**Work item:** The lines below, from the one containing "受け継ぐ空の七時半ShopXJ 化粧水 容器" through the one containing "2037 Calendar - Blank", should be set down exactly, with no pictures and nothing else.

**Recorded data:**

========

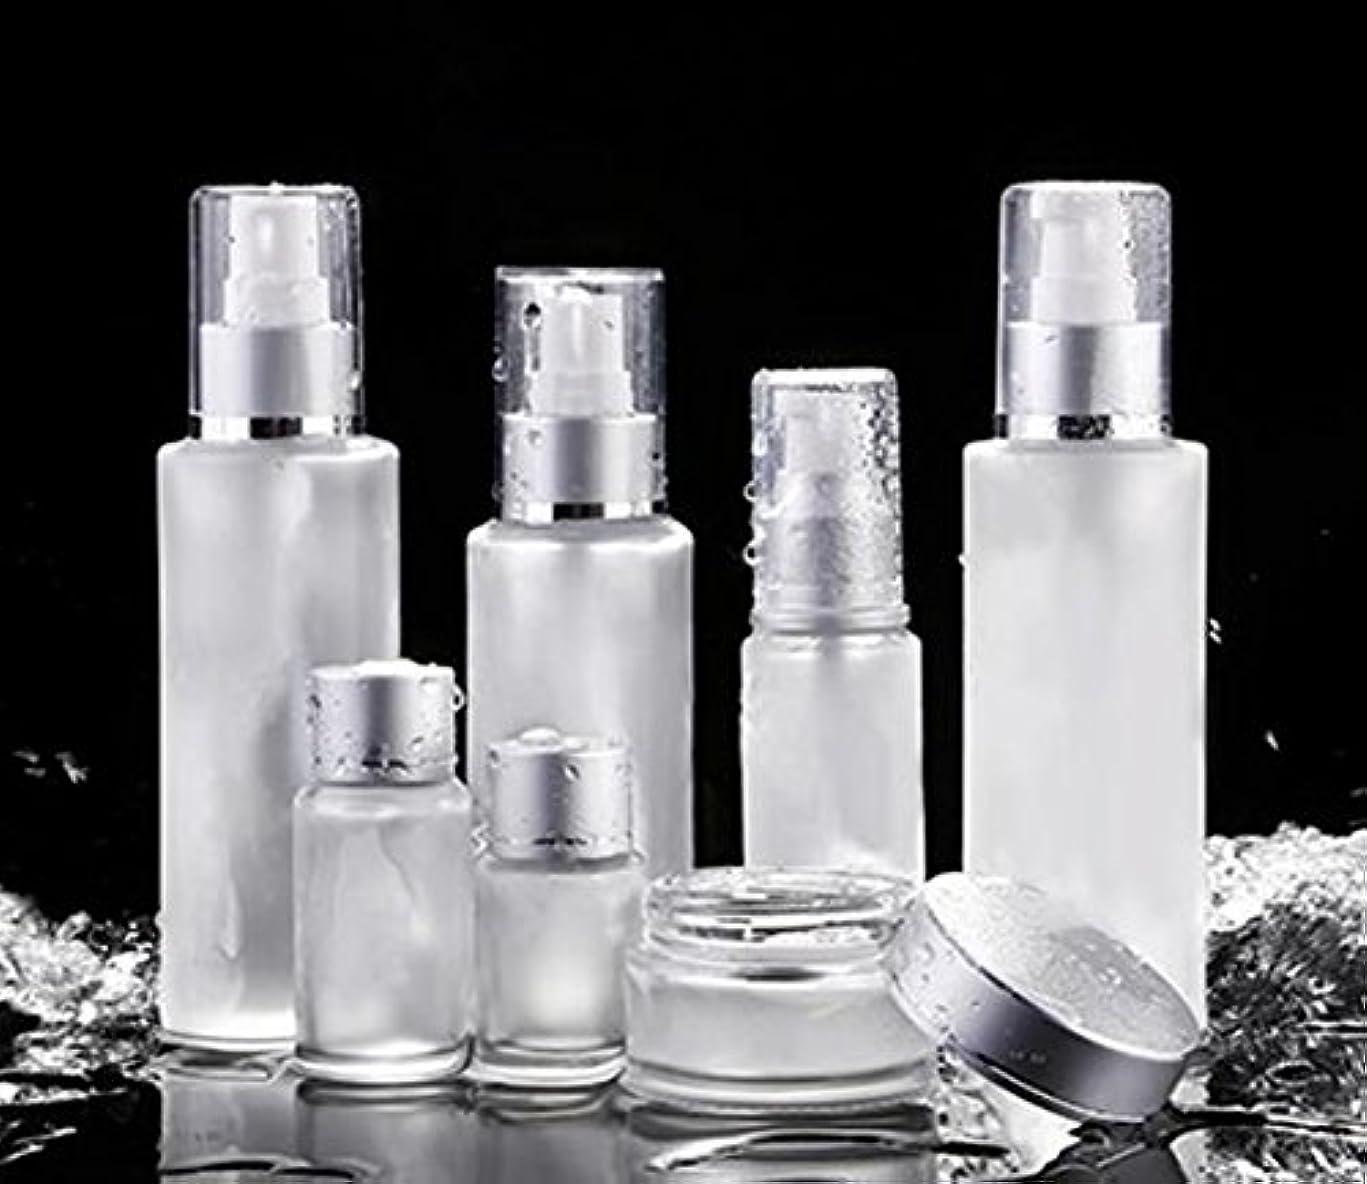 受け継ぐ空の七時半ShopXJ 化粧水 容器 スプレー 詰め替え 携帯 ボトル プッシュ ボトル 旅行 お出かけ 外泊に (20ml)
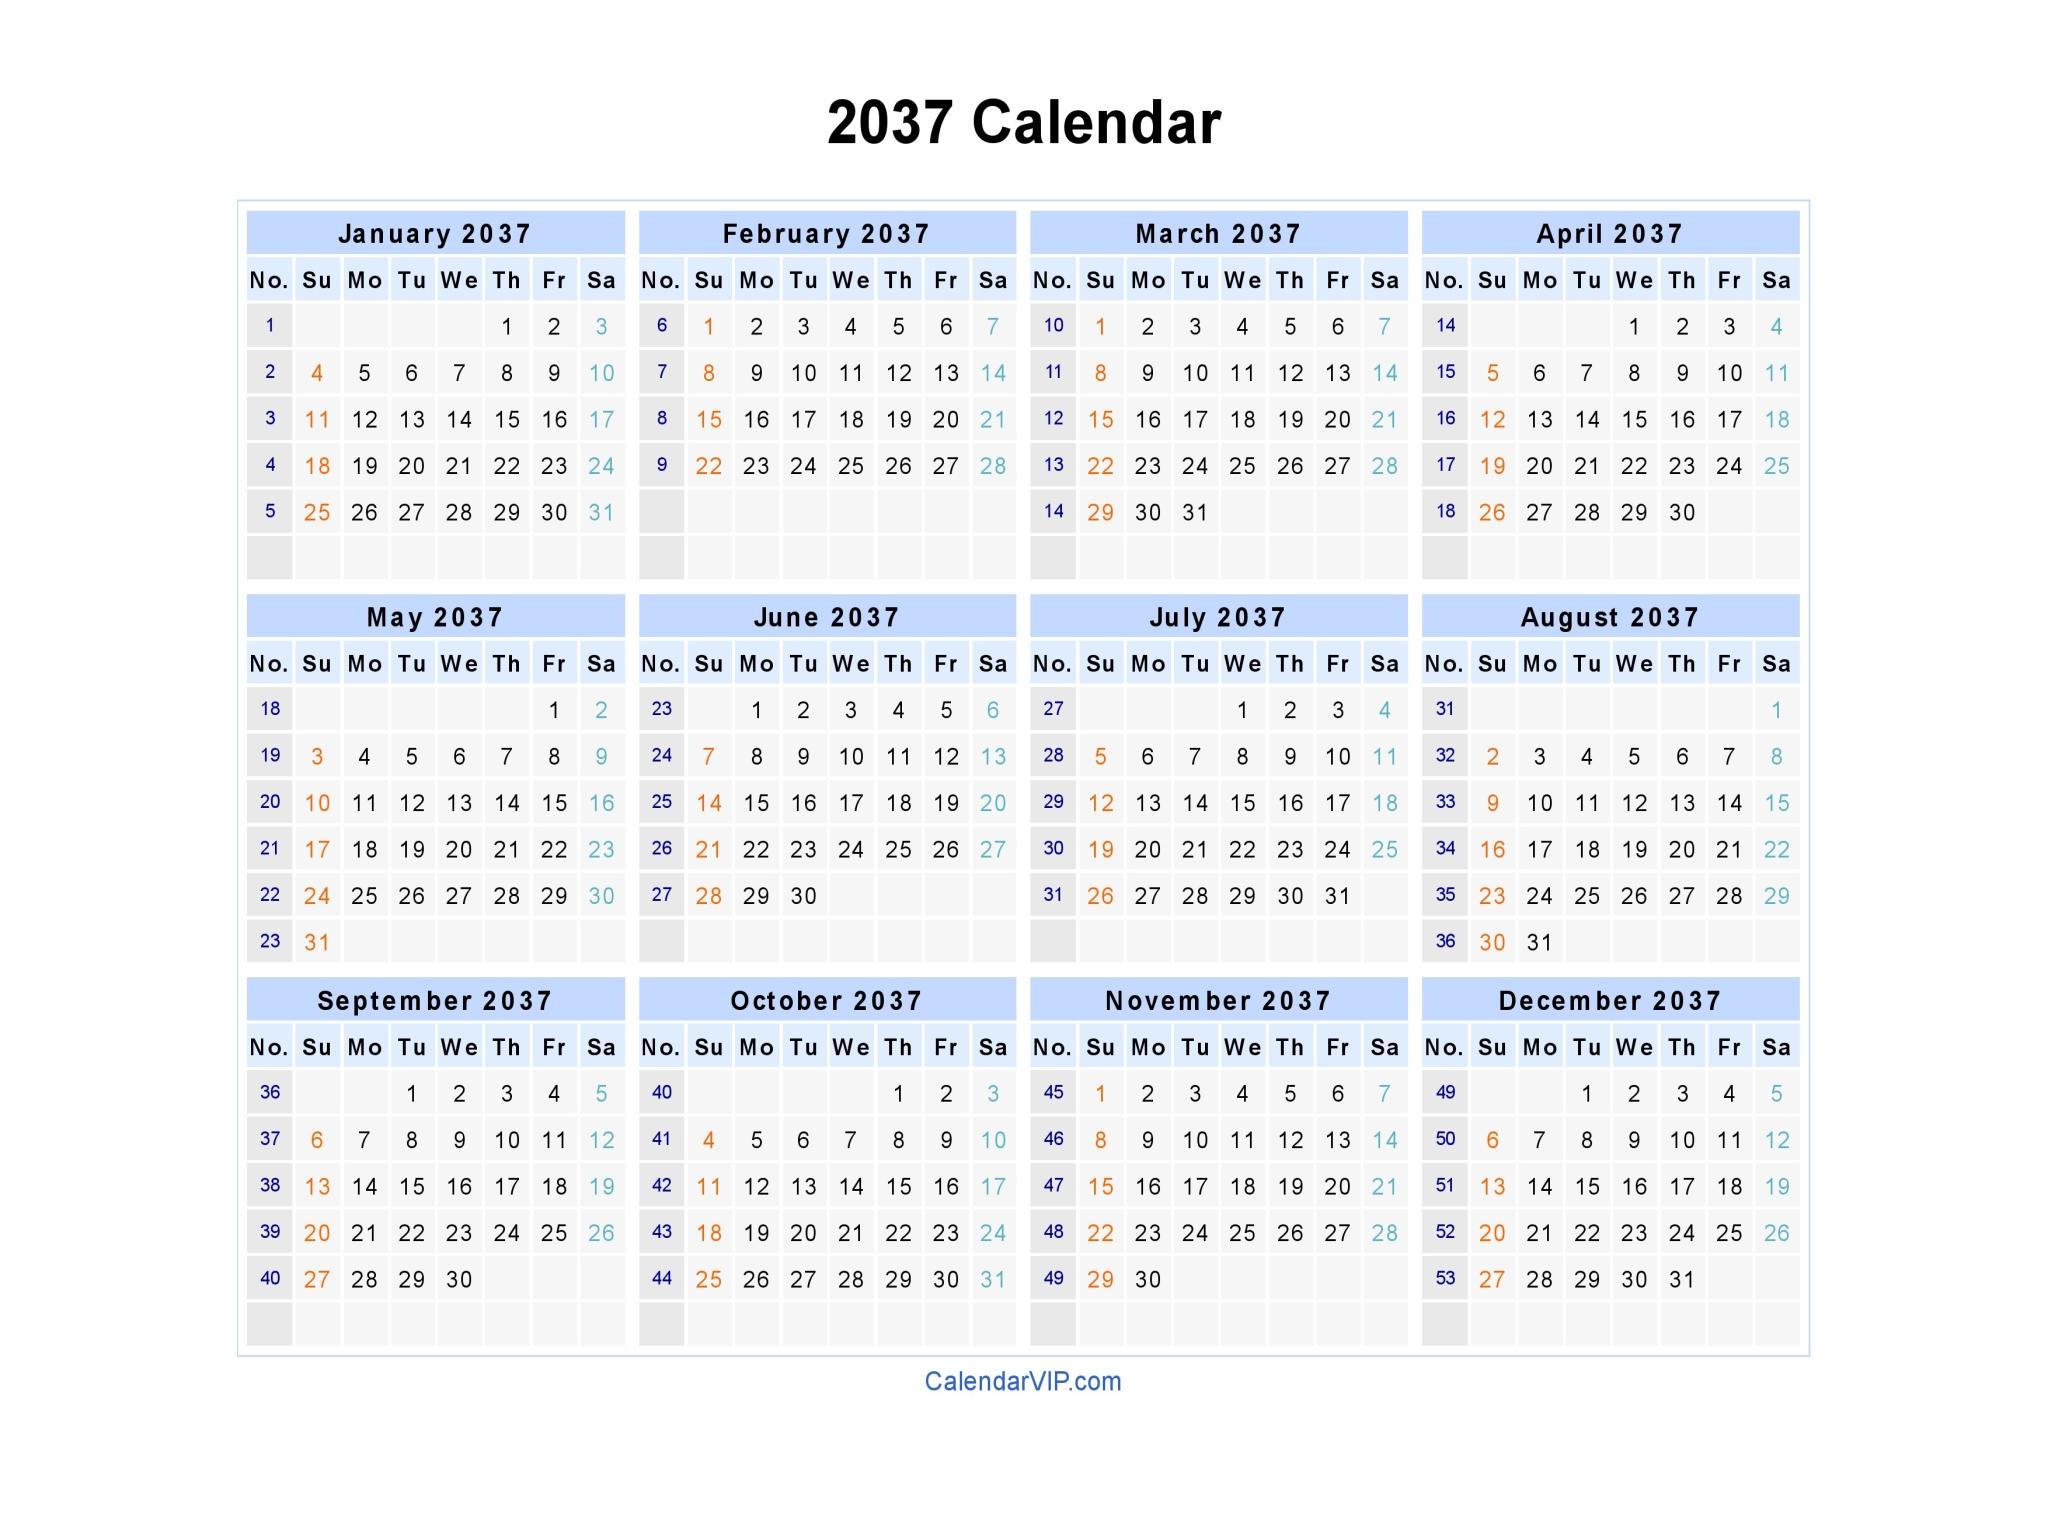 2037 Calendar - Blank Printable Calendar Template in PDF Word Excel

========

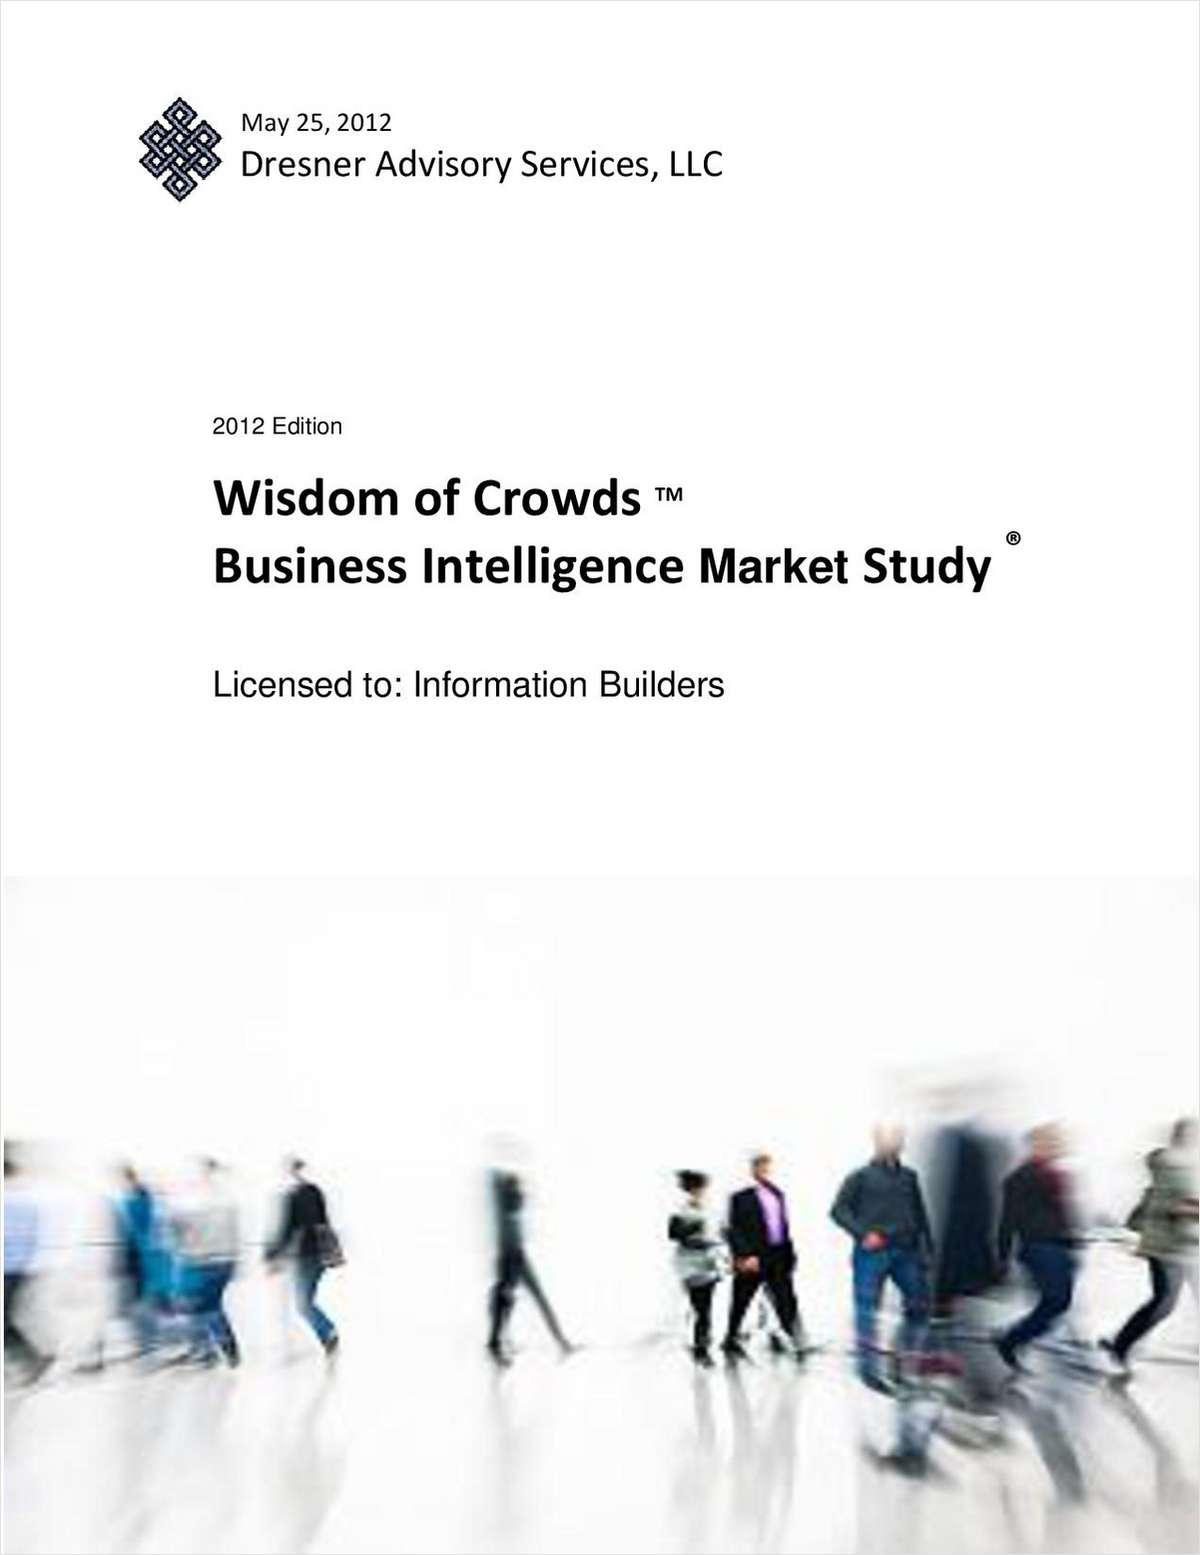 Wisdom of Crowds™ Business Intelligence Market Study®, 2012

========

**Response area:**
 受け継ぐ空の七時半ShopXJ 化粧水 容器 スプレー 詰め替え 携帯 ボトル プッシュ ボトル 旅行 お出かけ 外泊に (20ml)
 2037 Calendar - Blank Printable Calendar Template in PDF Word Excel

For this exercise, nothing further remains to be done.